# supreme/pepco tube amp help/info needed.



## punt (Jul 9, 2011)

Hey y'all im mike.
Im pretty new here. 3rd post haha

Well i just picked up a late 60s? Supreme/pepco 1x12 tube combo.
I searched the pepco site and could just find pictures of it. Internet dosent have any info on the supreme brand either.
Is anyone familiar with these amps? Or this one in particular?
Mainly looking for:
What the different inputs are for?
How many watts? Kind of tubes? Speaker? Basic stuff.

What are they worth??

Some pics






Specs:
3 inputs. 
Foot switch input. 
3 knobs
-tremolo
-bass/treble
-on/off volume. 

Markings:
CSA 19952 809. 
2 amps. 115 volts 60 cycle 0.5 amps.

Speaker codes:
Dw45 12ccr8

she Works great! Great thick tone with no distortion. Low end really comes out when shes warmed and turned up. Quarter volume getts the floor rumbling. Tremolo effect is awesome!
I Just got her and im lovin it! Awesome warm clean tone.
Taking it to a local tube amp repairer for a basic check up to make sure everythings running smoothly. Will more then likely suggest a 3 prong plug replacement.
What are some other small upgrades that wont take away from their value?
Do they have value?

Any infos appreciated!
Thanks
Mike


----------



## Electraglide (Jan 24, 2010)

Another Pine amp owner; Pepco is Pine Electronic Products Co.. 19952 is their CSA #. I have an Arc amp about the same age,made by the same company. Here's pic of the inside of it.

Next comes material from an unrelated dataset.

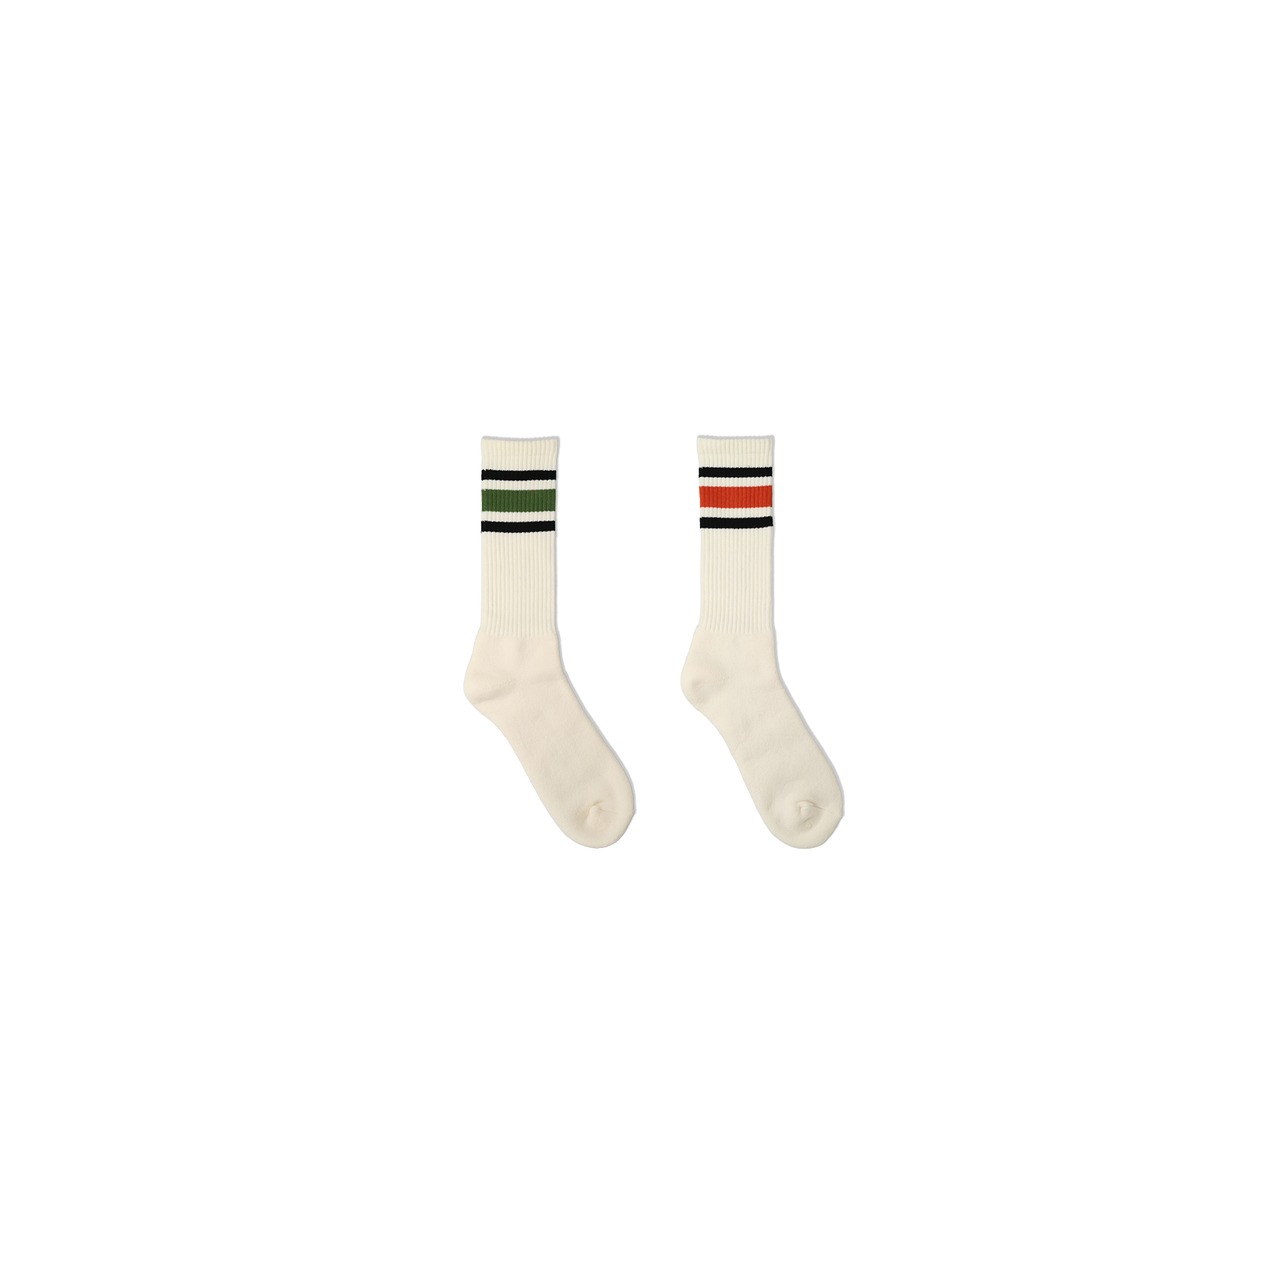 decka 80’s Skater socks 　”Japan Limited Edition”

Not too sure if this helps but the tubes are, from right to left.... 5Y3GT, 6V6GT, 12AX7A, 6AV6 and 6AV6. It has 2 Jensen Special Design 7" speakers in it. Not too sure of the watt or ohm ratings. Like yours, it's a good sounding amp.. Not too sure what watts it's putting out but I have other amps for that. And,as you've found out, there's not a lot of info out there, a lot of it right here. 
As far as changes and value, I'd get it 3 pronged and that's about it. Value, about what you figure it's worth. I paid a couple of bucks for mine and have seen them for up to $300, in very good shape. Oh yeah, the inputs....mine has 4, doesn't seem to any difference as far as I can hear.


----------



## punt (Jul 9, 2011)

That things sweet looking. Theyre wiring is so basic i love it. Im useless at electronics but with a schematic im sure even i could work on this thing.I did some digging and the speakers are the same some old traynors came with. A canadian sub company of jensen. I might swap it out for an eminence or something more bassy.I paid like 80 bucks for her but shes worth morth than that in tone alone. Im lovin the sound.


----------